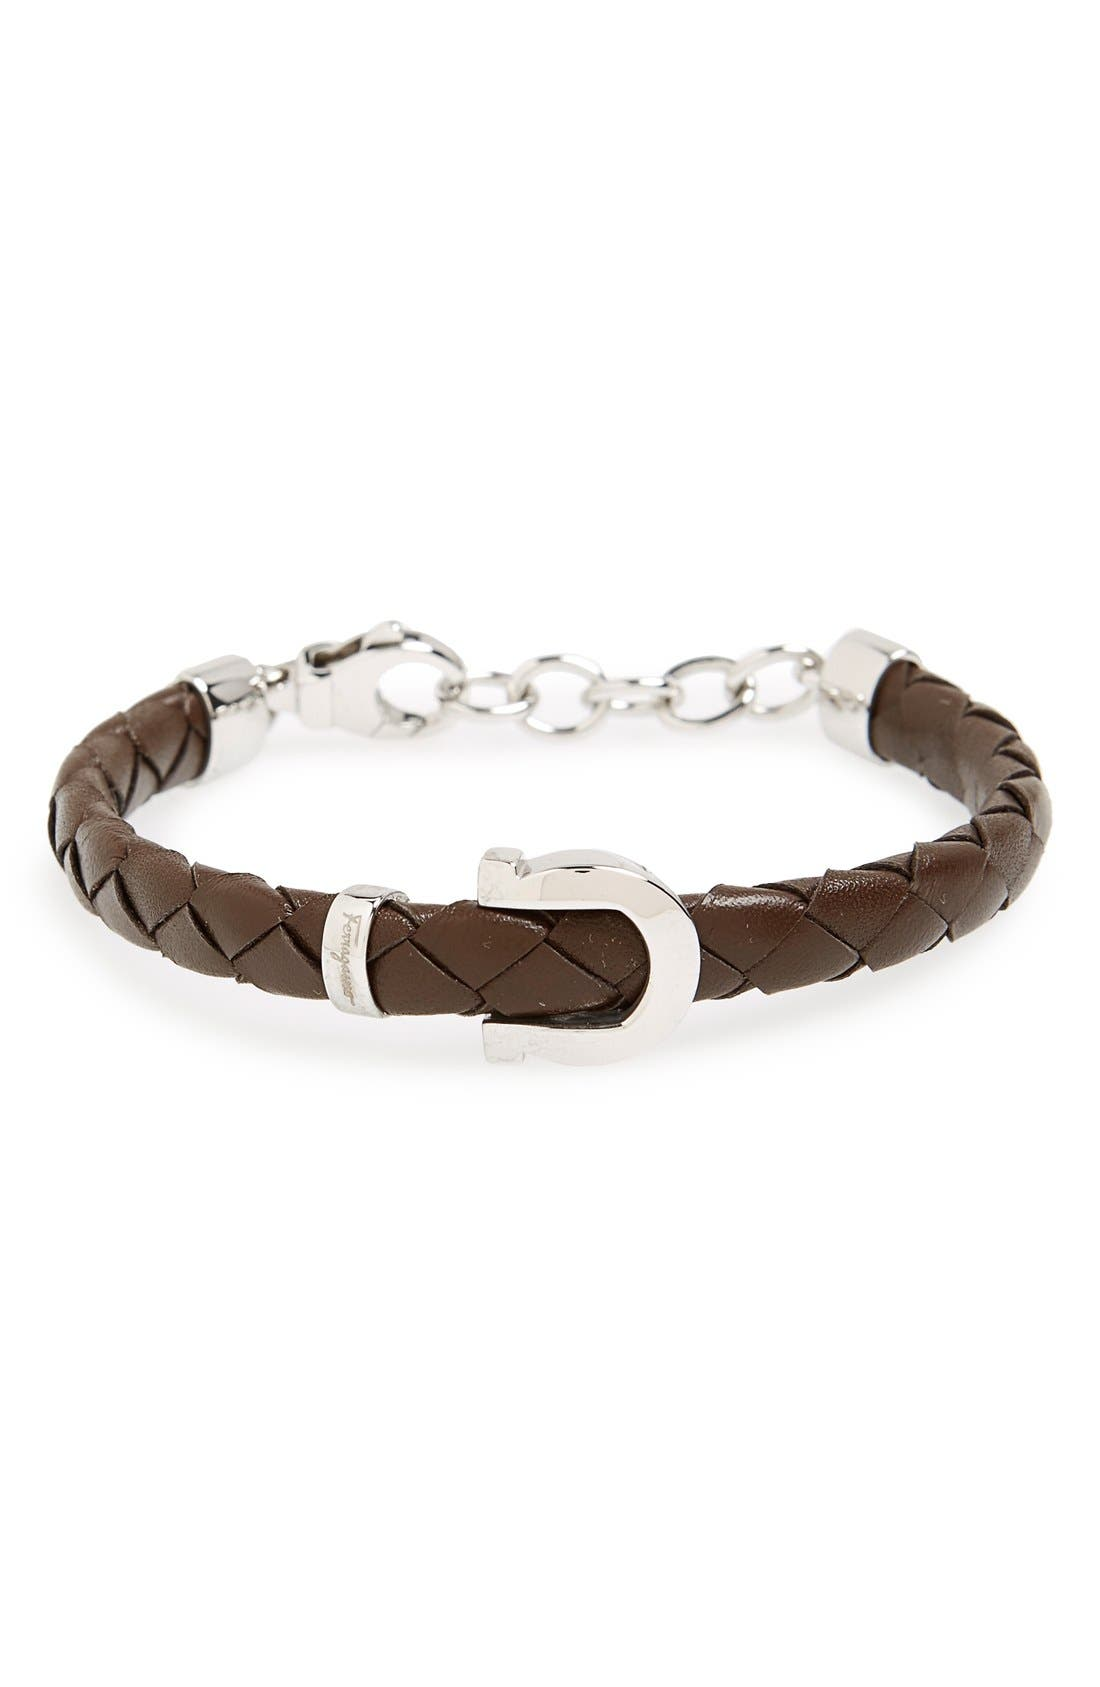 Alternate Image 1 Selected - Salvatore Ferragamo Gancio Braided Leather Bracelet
---
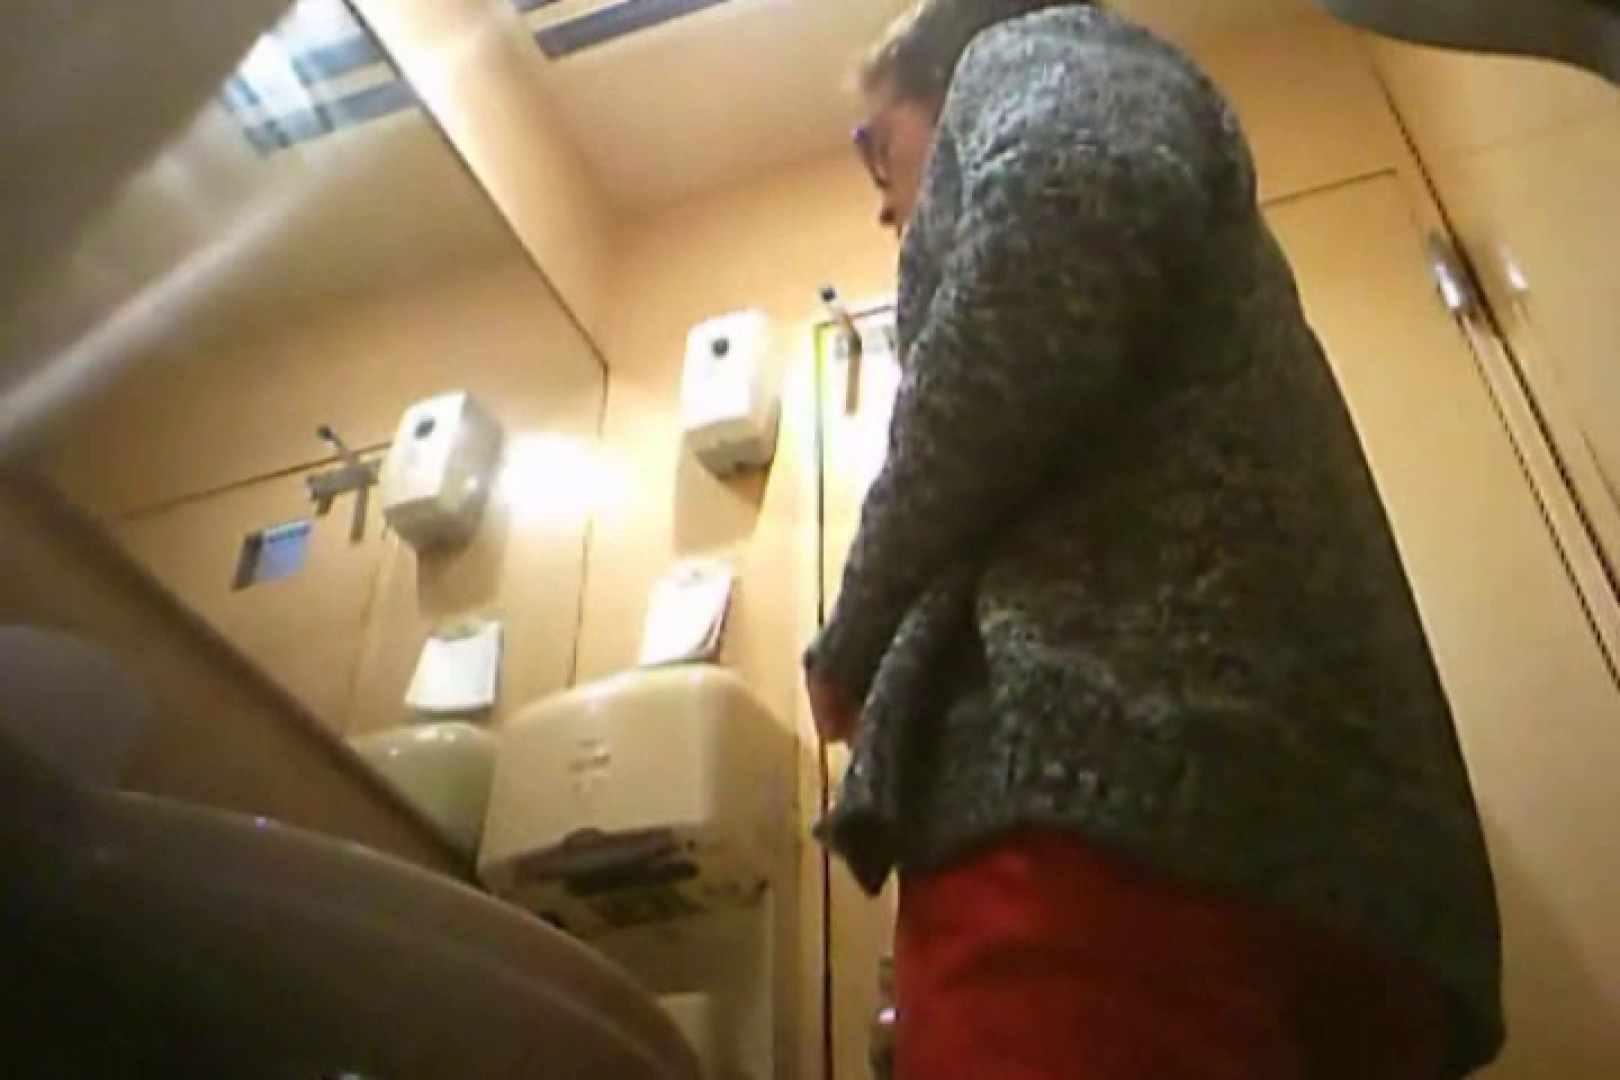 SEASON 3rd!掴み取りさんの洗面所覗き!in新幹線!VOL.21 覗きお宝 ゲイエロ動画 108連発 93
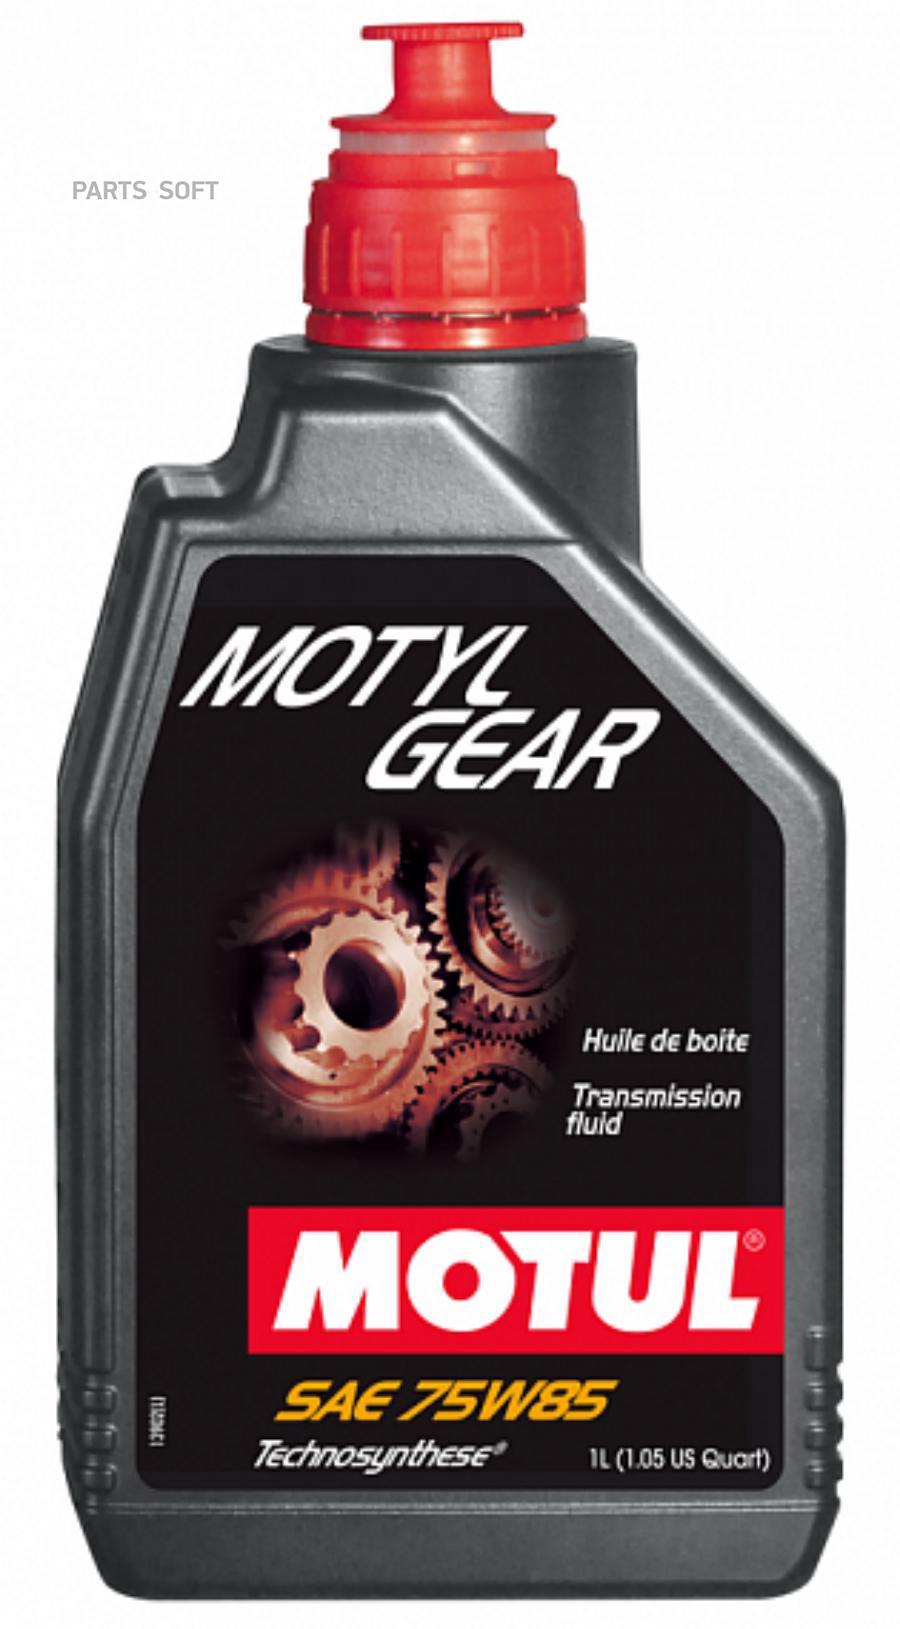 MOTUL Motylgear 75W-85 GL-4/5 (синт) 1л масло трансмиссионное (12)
--
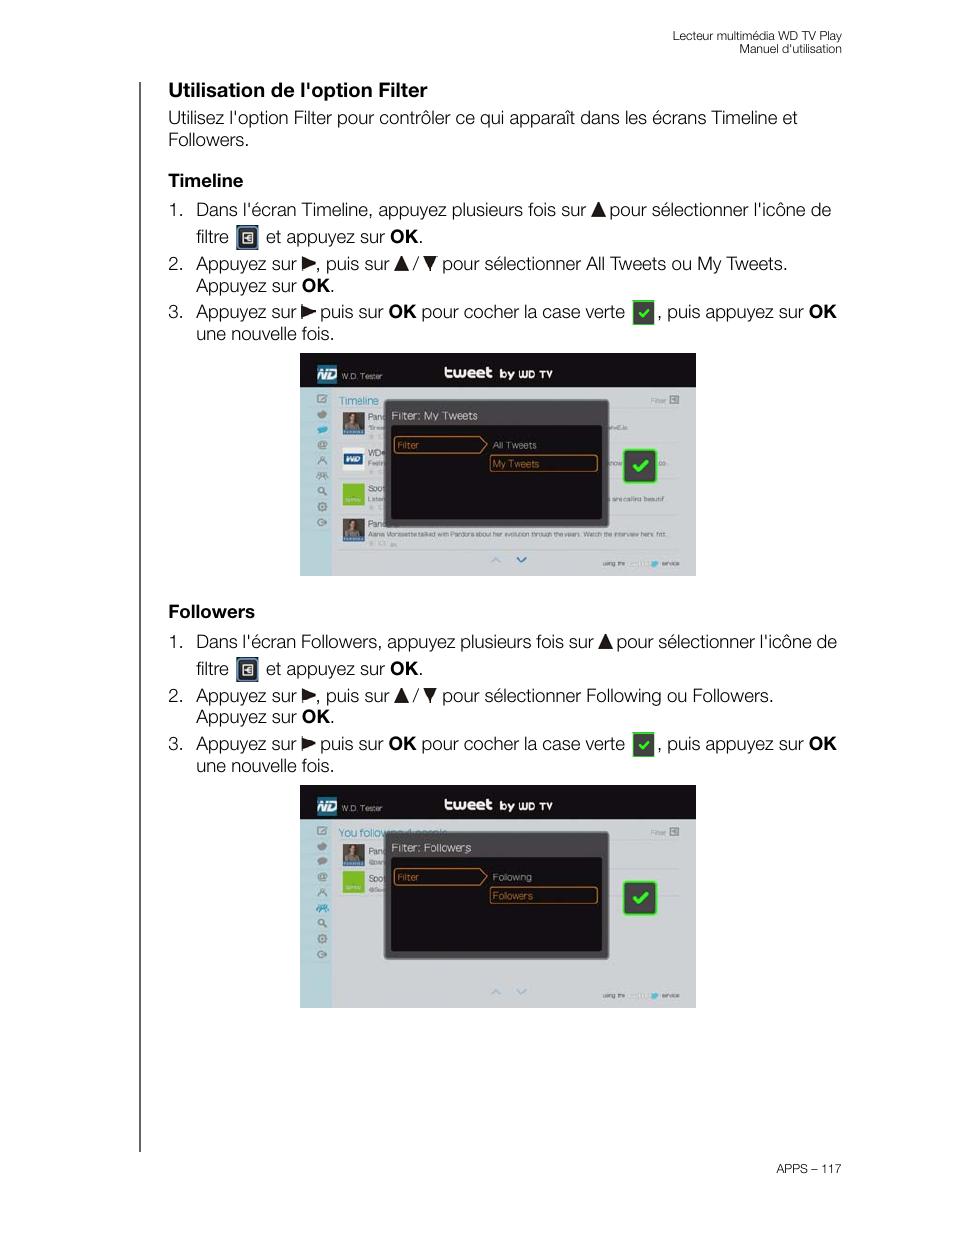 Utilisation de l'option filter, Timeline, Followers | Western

**TASK BRIEF**
Leave the pictures out. Output, exactly, the lines of the material above starting at the line containing "SEASON 3rd!掴み取りさんの洗面所覗き!in新幹線!VOL.21 覗きお宝" and ending at the line containing "MOTUL Motylgear 75W-85".

**ANSWER TO THIS PROBLEM**
 SEASON 3rd!掴み取りさんの洗面所覗き!in新幹線!VOL.21 覗きお宝 ゲイエロ動画 108連発 93
 MOTUL Motylgear 75W-85 GL-4/5 (синт) 1л масло трансмиссионное (12)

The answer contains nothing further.